[What you will do]
Only the lines of the data below from the one with "Final Fantasy Crystal" through the one with "Remote control in" are wanted. Repeat them exactly.

[Source records]
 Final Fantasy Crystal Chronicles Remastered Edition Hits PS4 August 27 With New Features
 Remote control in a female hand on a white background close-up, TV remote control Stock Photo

--

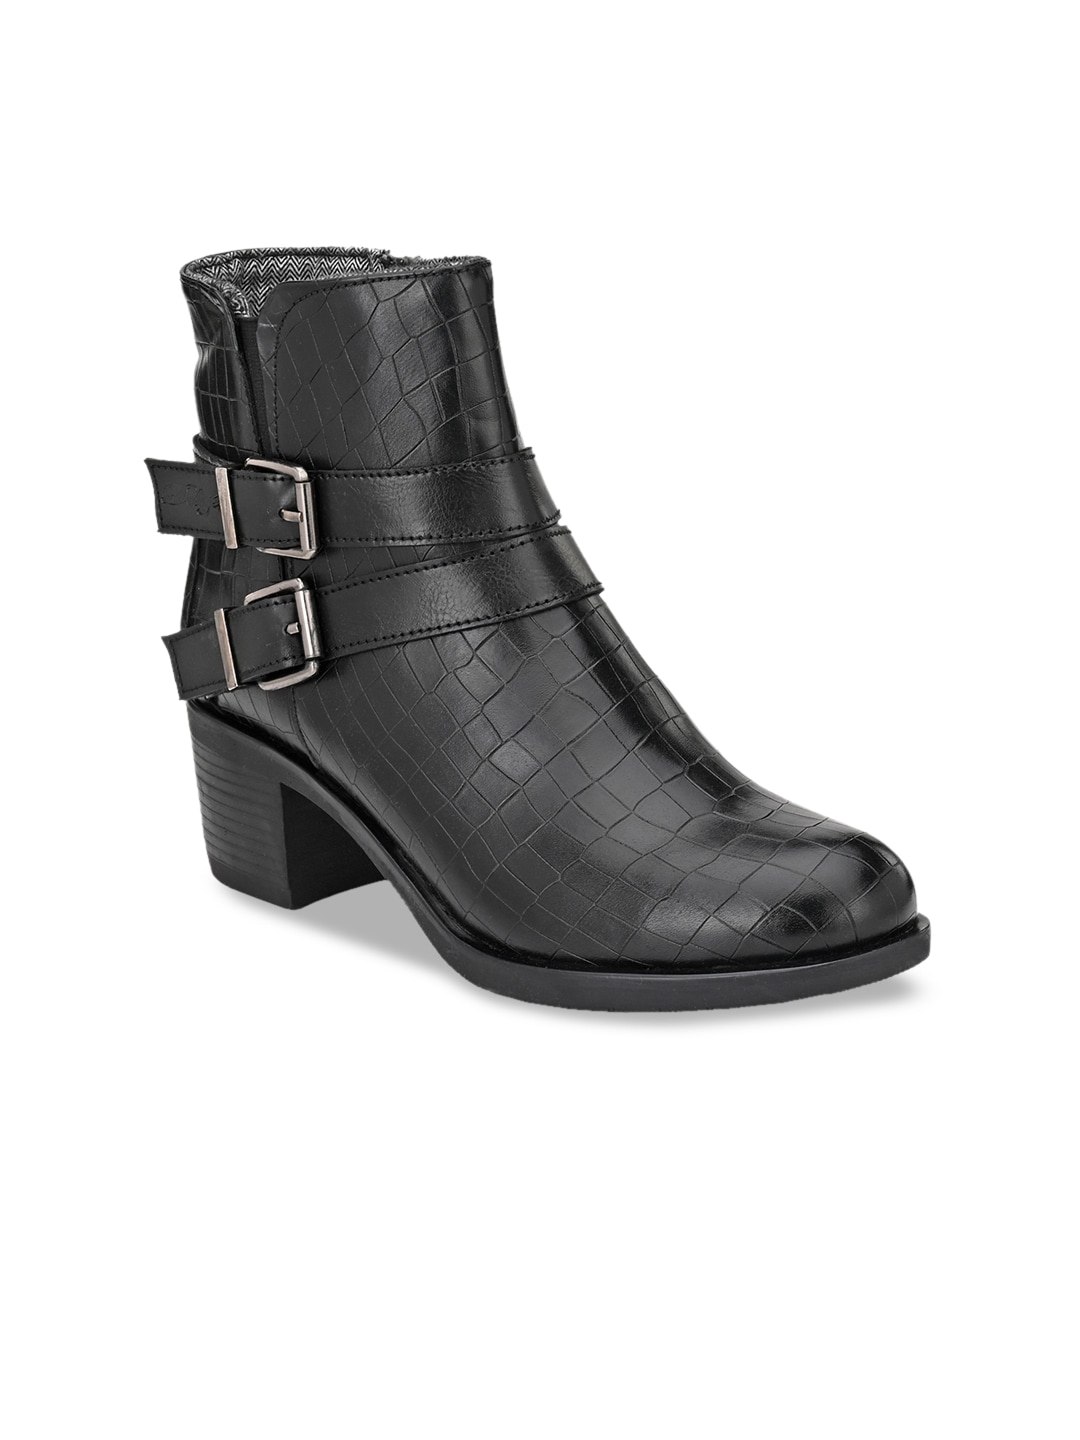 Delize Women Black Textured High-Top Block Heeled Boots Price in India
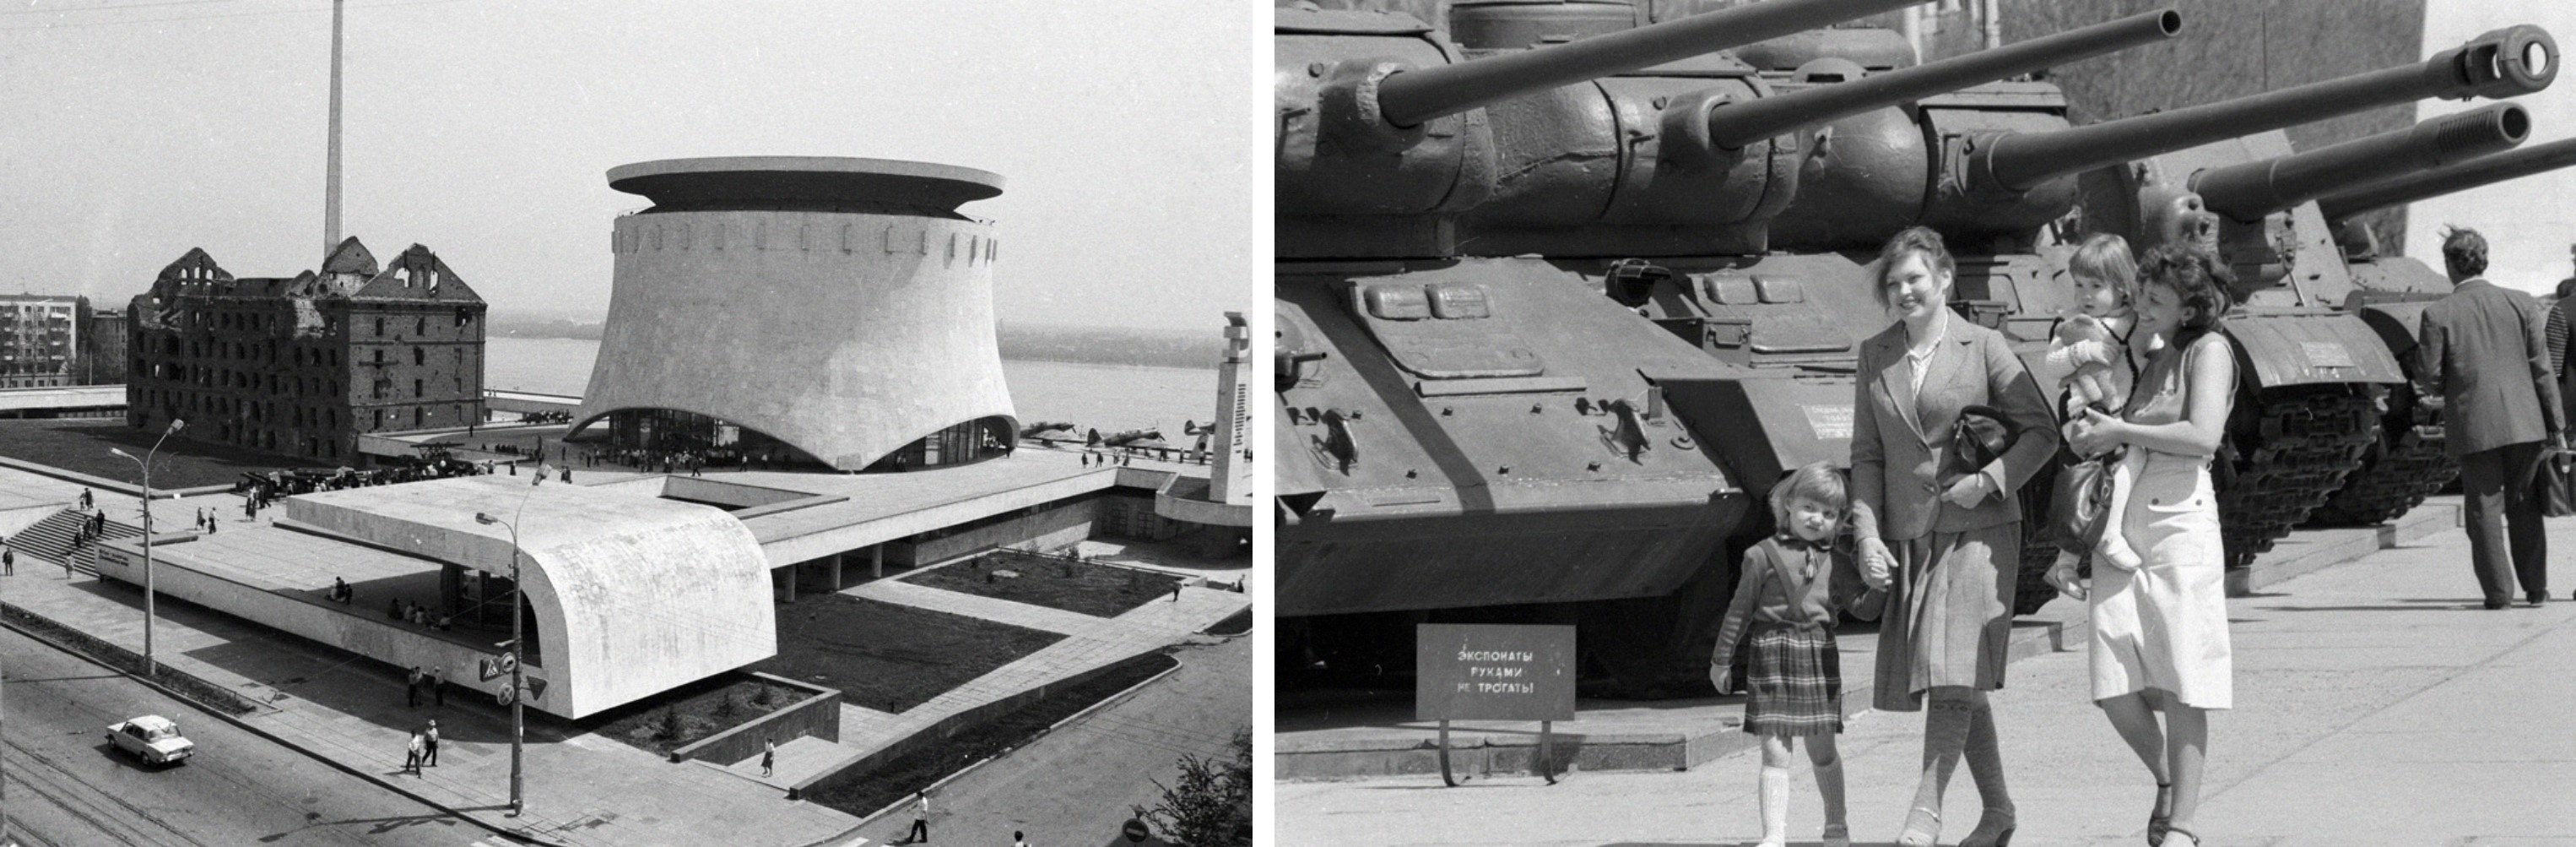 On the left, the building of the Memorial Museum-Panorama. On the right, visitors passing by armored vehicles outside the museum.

[Answer space]
 Final Fantasy Crystal Chronicles Remastered Edition Hits PS4 August 27 With New Features
 Remote control in a female hand on a white background close-up, TV remote control Stock Photo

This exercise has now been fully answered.